Матарет хотел умереть.Хотя, пожалуй, это было слишком сильным выражением. Матарет уже ничего не хотел. Он продолжал существовать по инерции, просто потому, что смерти все еще инстинктивно боялся и не знал способа, как покончить с собой безболезненно и наверняка.

Со дня своего выхода из подвала Роду он больше не видел. Сначала Матарет беспокоился, что бывший товарищ станет его разыскивать, но страхи его оказались напрасны. То ли Рода при высоком титуле не обладал никакой реальной властью, то ли решил не мстить Матарету за плевок в лицо, здраво рассудив, что бродяжничество само по себе станет для обидчика достаточным наказанием.

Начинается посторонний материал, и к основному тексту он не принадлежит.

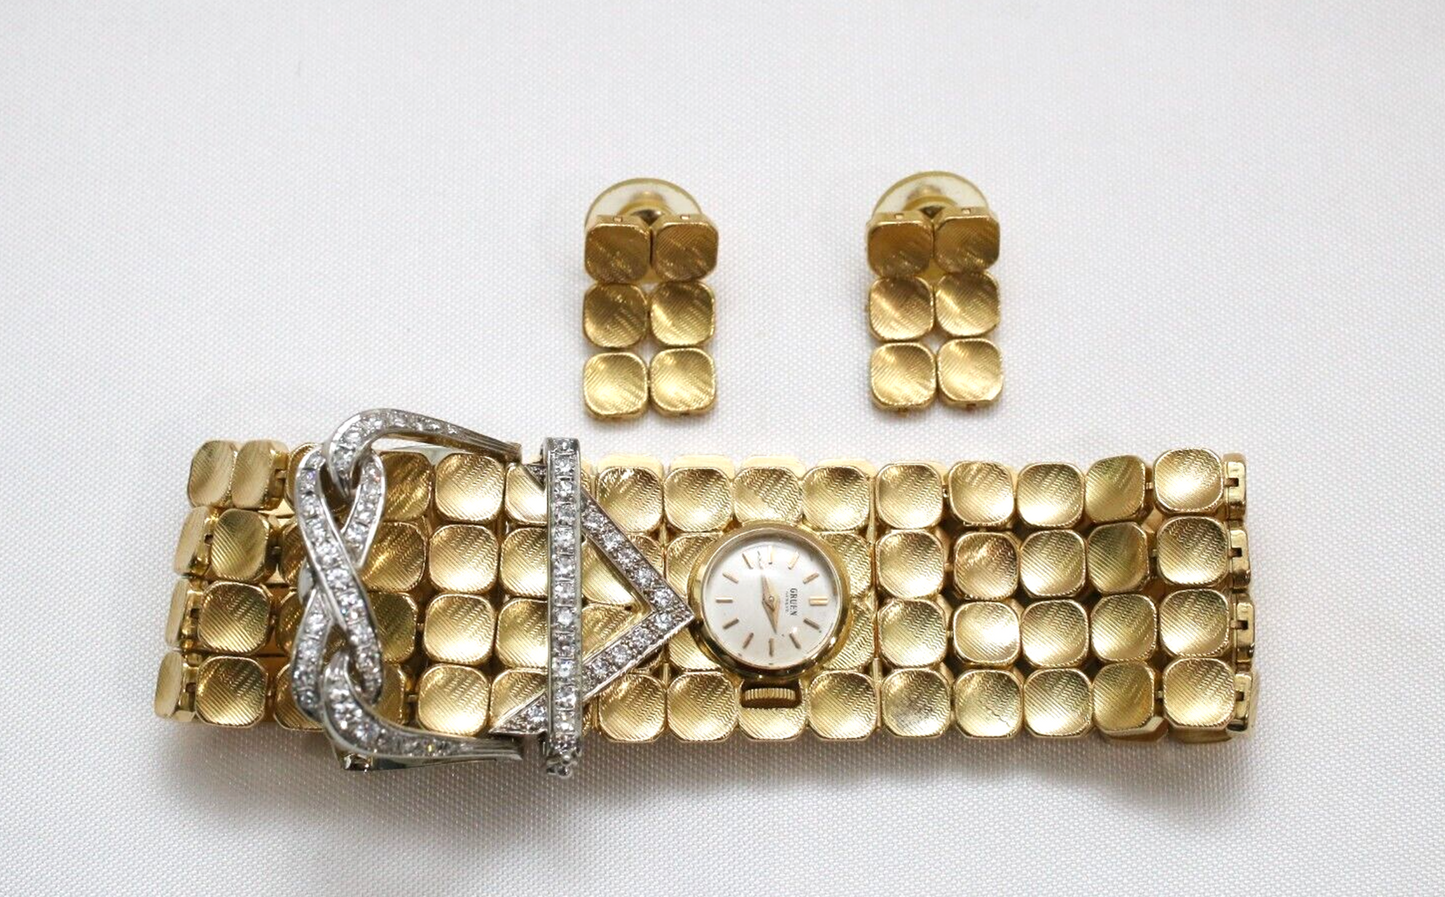 18k Yellow Gold & Diamond Bracelet with Hidden Gruen Watch & Matching Earrings Set
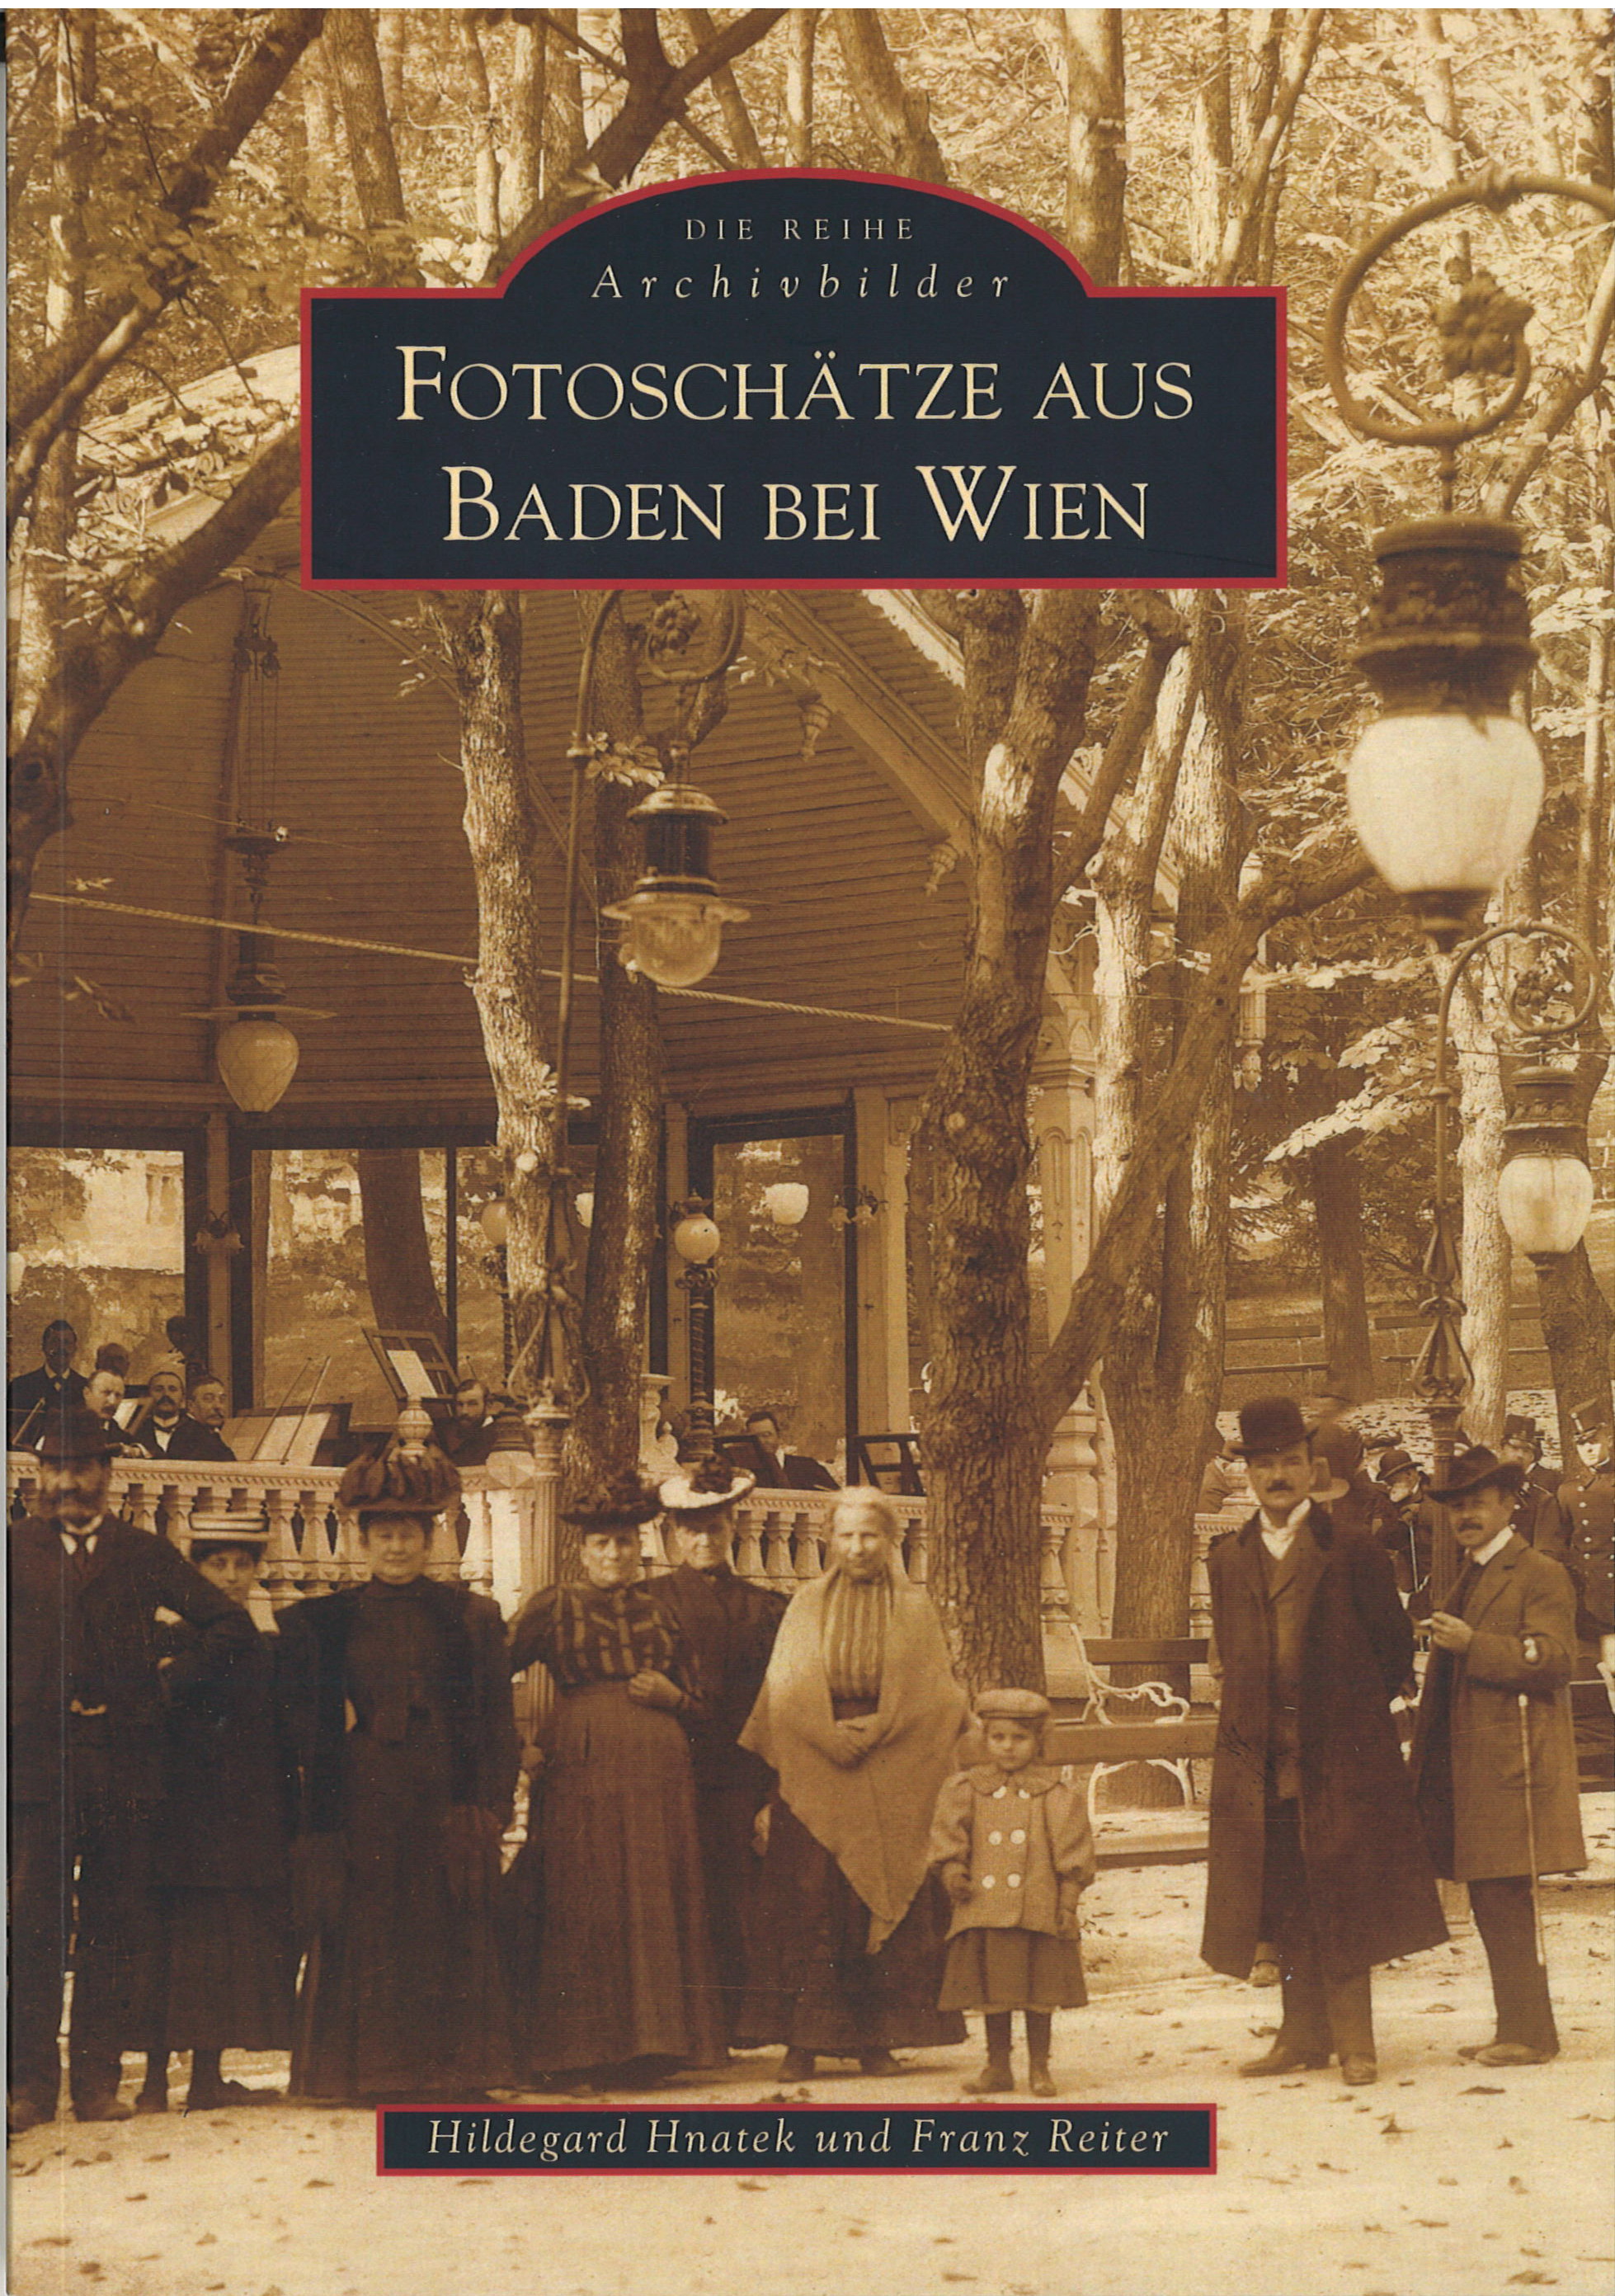 Fotoschätze aus Baden bei Wien 130 Seiten, Hildegard Hnatek und Franz Reiter € 19,00

А Матарету и вправду некуда было идти. Яцек исчез, к Азе или господину Бенедикту за помощью он обращаться не решился. Ночевал он в парках, в подвалах домов или еще каких укромных местах. При его росте ему не составляло труда найти уголок для ночлега под скамейкой или за колонной лестничного пролета.

Иногда его гоняли - подходил к Матарету внушительного вида полицейский и строго говорил:- Здесь ночевать нельзя!Молодой луножитель не спорил, а просто переходил в другой скверик или подвал. Так было проще. Арестовывать его никто и не пытался.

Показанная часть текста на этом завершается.